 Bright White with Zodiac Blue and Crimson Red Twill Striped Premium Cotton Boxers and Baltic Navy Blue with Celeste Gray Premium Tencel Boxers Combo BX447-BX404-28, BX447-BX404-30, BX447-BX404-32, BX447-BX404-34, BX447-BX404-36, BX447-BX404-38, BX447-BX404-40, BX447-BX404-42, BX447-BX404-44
○ ○ ○ ○
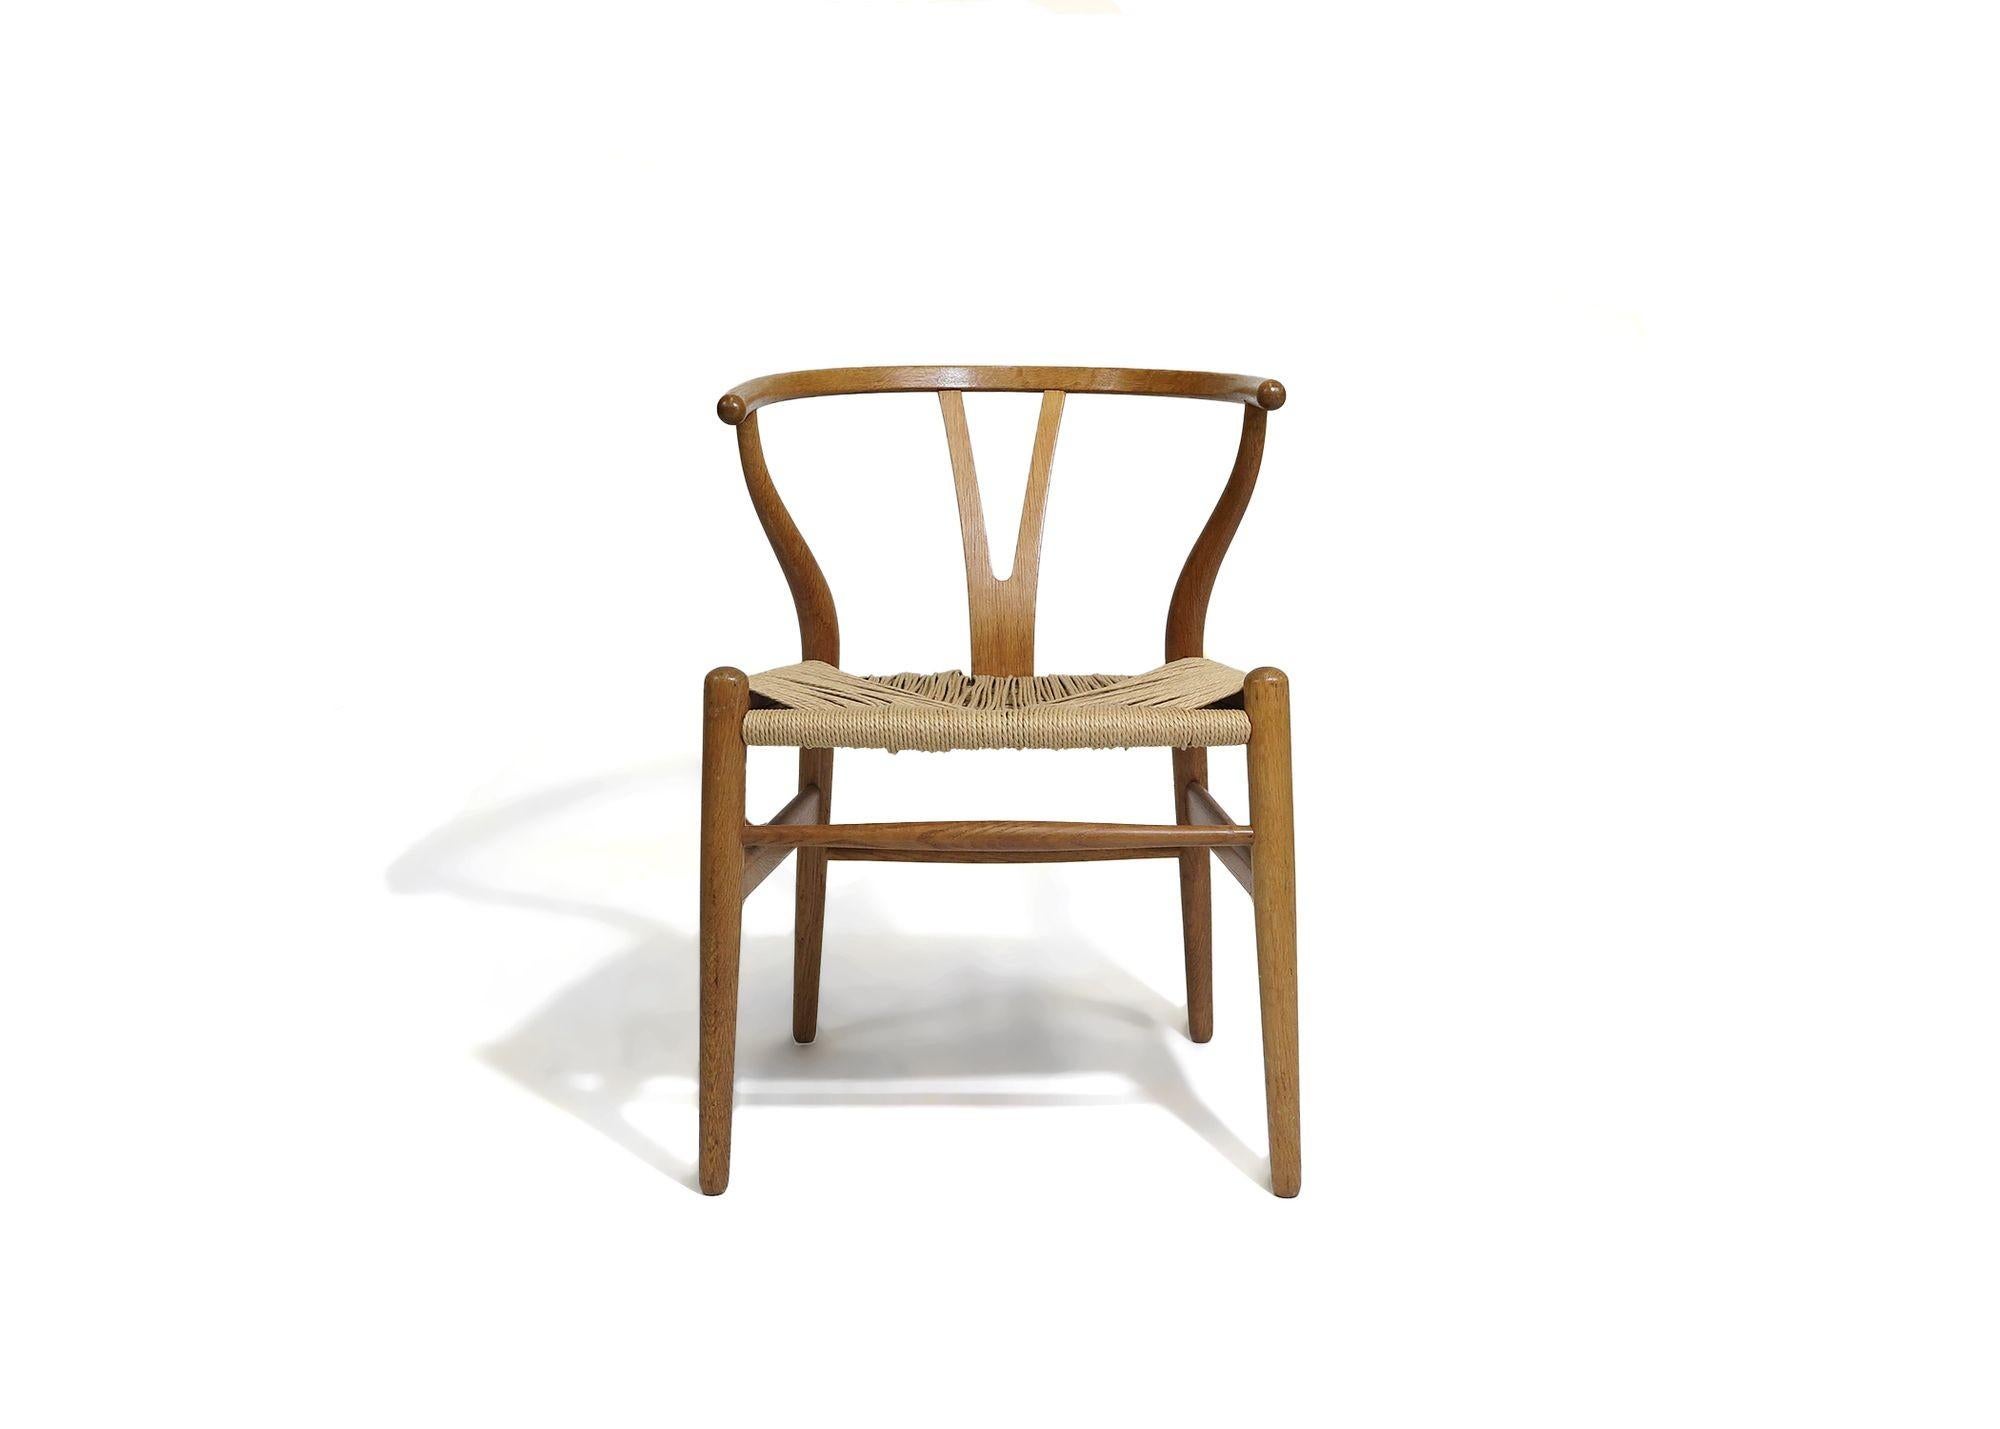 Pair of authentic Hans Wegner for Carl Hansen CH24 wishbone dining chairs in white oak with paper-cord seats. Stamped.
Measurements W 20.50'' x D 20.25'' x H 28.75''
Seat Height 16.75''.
○ ○ ○ ○
**PROBLEM TO WORK ON**
A clean copy is needed of the lines in the listing above from the one with "Pair of authentic" through the one with "Seat Height 16.75''.", exact in every word and free of pictures.

**WRITTEN ANSWER**
 Pair of authentic Hans Wegner for Carl Hansen CH24 wishbone dining chairs in white oak with paper-cord seats. Stamped.
Measurements W 20.50'' x D 20.25'' x H 28.75''
Seat Height 16.75''.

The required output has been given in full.